Parse Server: A Viable Open Source Platform?

Today, April 28th, 2016, Facebook announced that 9,500+ apps migrated off of Parse’s infrastructure onto their own private DBs. WoW! 500K claimed Parse apps => 9.5K apps with enough business to pay for DB storage.

No wonder they’re shutting it down.

My app, Spot marks the taX™ Residency App, is a proud member of the 9.5K Parse survivors. (By the way, as I have both a production and test server, I count as two of the above apps. What if those 9,500 Parse apps actually represent only 4,750 mobile apps?)

As a developer, you have to ask yourself about the viability of maintaining your app on the Open Parse Server. Open source software depends upon the kindness of strangers; people like me. (I have made extremely modest contributions to the Parse iOS SDK.) How many people are working on the platform? Github lists 66 people lead by non-Facebook employee, Florent Vilmart. The Facebook employed contributors are winding their contributions down. This is to be expected — Facebook is abandoning the platform.

The normal dynamic around open source platforms is that there is some strategic or tactical reason for companies to pay for engineers to modify and improve the code base. Do such reasons exist for the Open Parse Server? There were several startup announcements shortly after Facebook announced the demise of their service. But lets run the numbers. 9,500 apps have been moved into a self-managed situation. The vast majority of those are almost certainly running the DB themselves or on mLab.com or similar. In other words, these 9,500 developers are largely self sufficient. Will they fund contributions to the Open Parse Server?

I’m doubtful.

As a developer, you have to balance the costs you incur maintaining abandonware versus the costs of moving off of the platform. To my mind, the key determinant of whether to stay is the quality and quantity of folks maintaining your platform. On July 28, 2016 Facebook wants all of us to be running everything on our infrastructure. What happens if Mr. Vilmart is the only person contributing to the Open Parse Server? I think that means you pull the trigger to get off of Open Parse Server.

As a modest user of Parse functionality, I intend to continue to run my apps on Open Parse Server and mLab.com through the balance of 2017. I am building test apps that use different platforms — Amazon Web Services, Google Cloud Platform, or Microsoft Azure. In other words, I am moving to a large scale platform whose business is to support third party apps. Currently, the most complete of these serverless cloud platforms is from Amazon Web Services. Depending upon when I feel I need to pull the platform migration trigger, then the other two platforms should be quite a bit more mature. AWS is the serverless cloud architecture leader. If I had to move right now, I would move my apps to them.

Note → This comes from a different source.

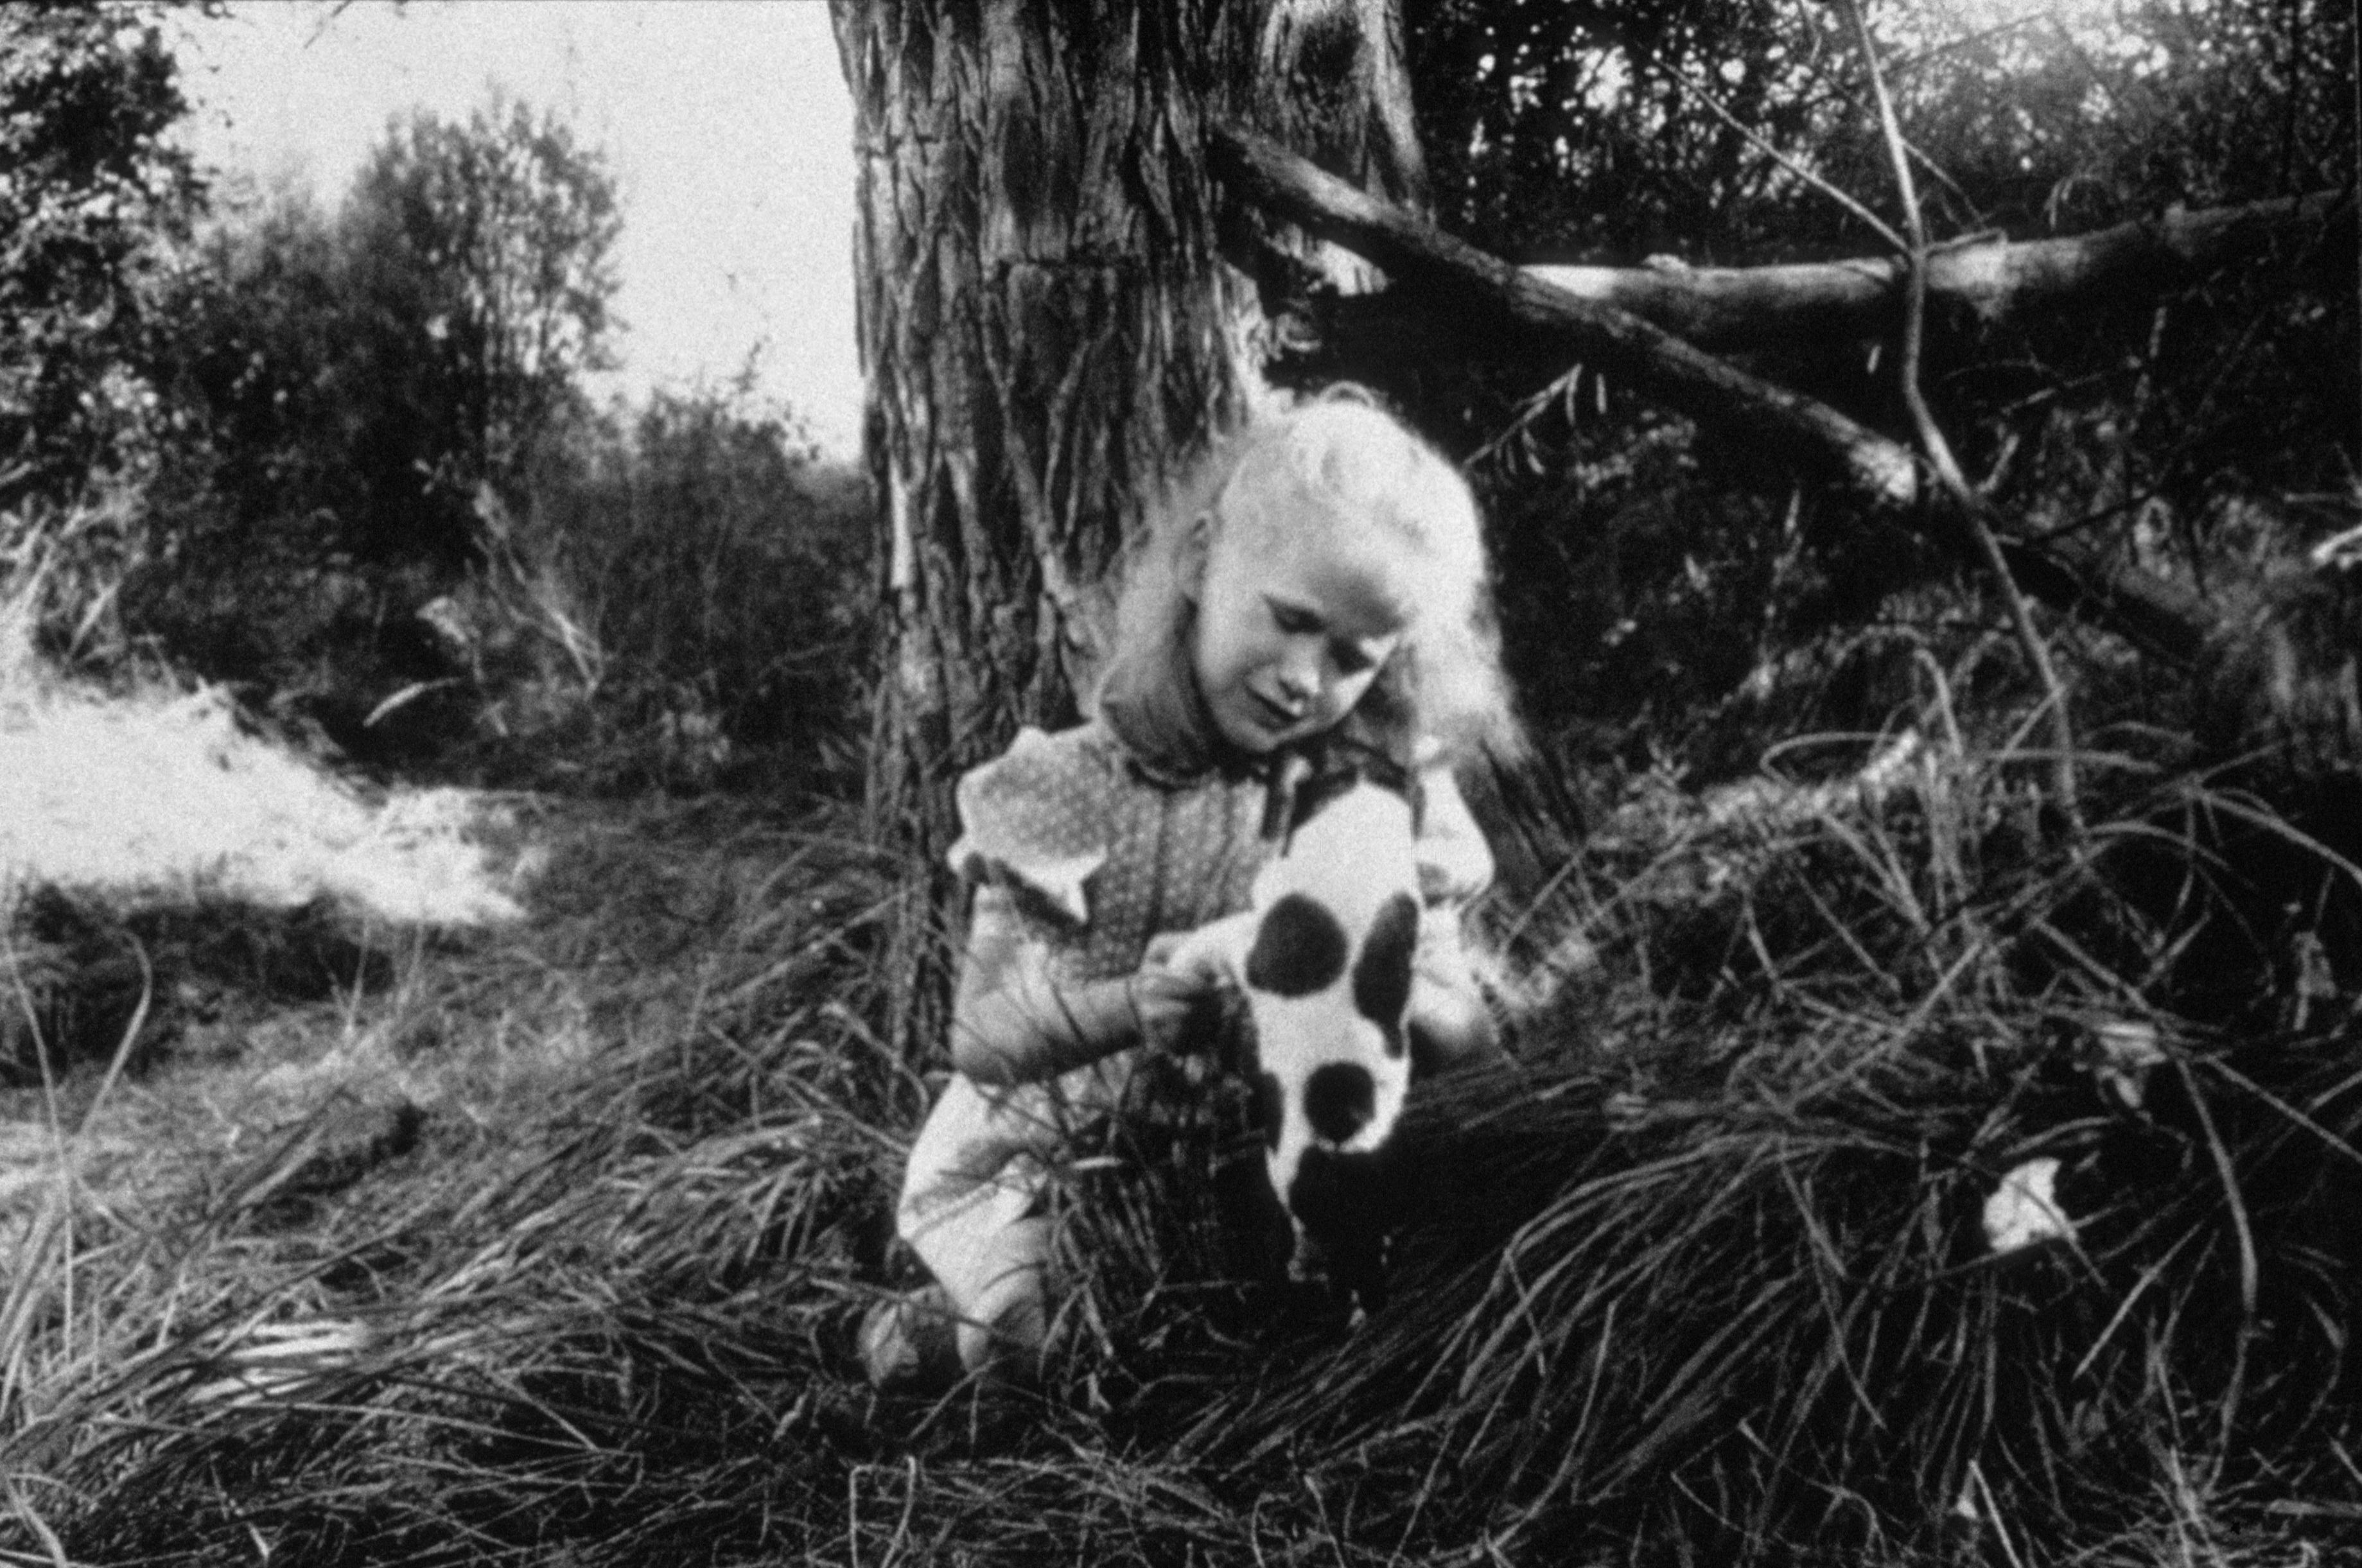 Brigitte Fossey In Rene Clements Forbidden Games 1952 Courtesy Rialto Pictures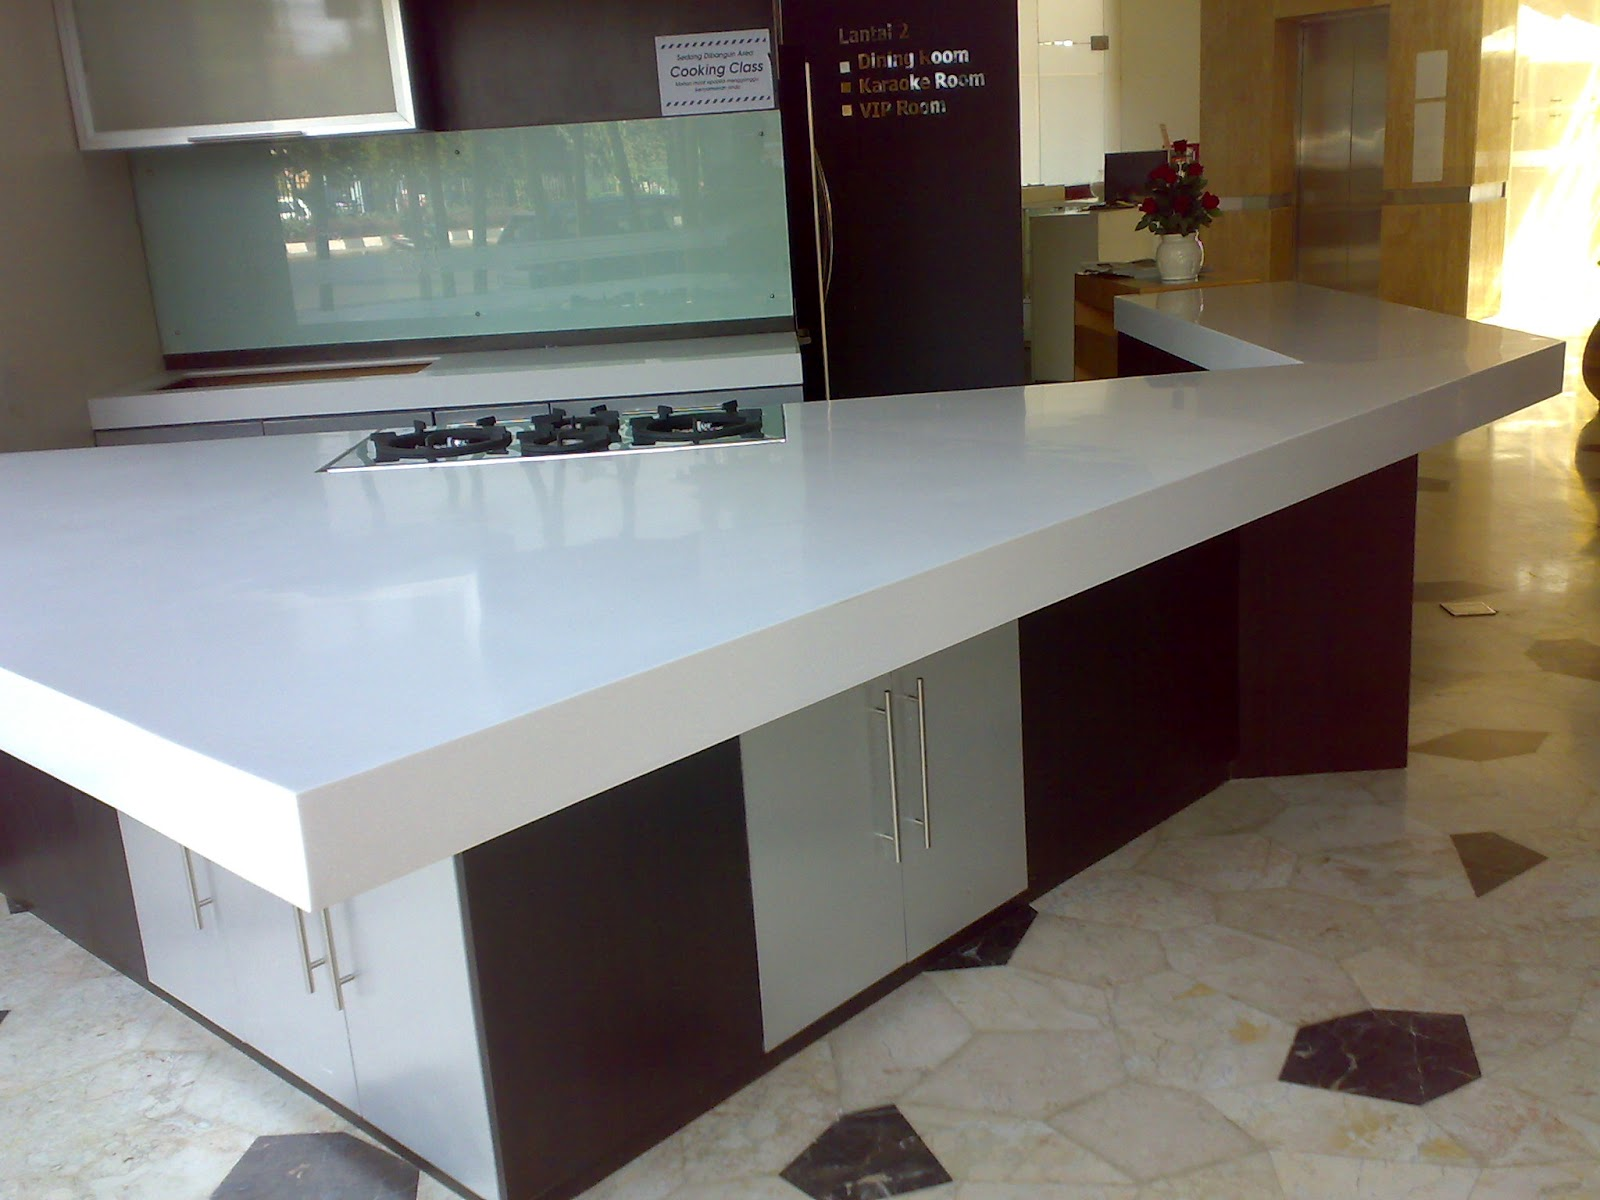 Alasan kitchen set harus menggunakan batu granit sintetis for Harga granit untuk kitchen set

What about all of the app server companies? Kinvey? Backendless? Others? If the least expensive, large scale MBaaS vendor, Parse, only had 9,500 commercially sustainable apps, then how stable can these other players be? What is their cash flow and profitability like? If it wasn’t viable for Facebook, why is it viable for these guys/gals? The big three above are just adding mobile device support to their existing stable of services; the marginal cost to them to support mobile apps is quite modest. They can stay in the game a long time. Can the small guys survive while the big guys encroach into their space? Are you going to bet your business on it?

As my app is stable, I am loathe to incur platform migration challenges. But I am planning to do so. I chose Parse so I could avoid running a platform. While Heroku and mLab are going to make running on their infrastructure painless, bit rot will set in. Node.js will improve. Apple WWDC is right around the corner; Apple will be introducing changes into iOS. Google I/O is also happening in May; Android will change. Will the Parse client SDKs survive the underlying platform mutation?

Platform maintenance is a real expense. Do you, as a Parse developer, want to incur it?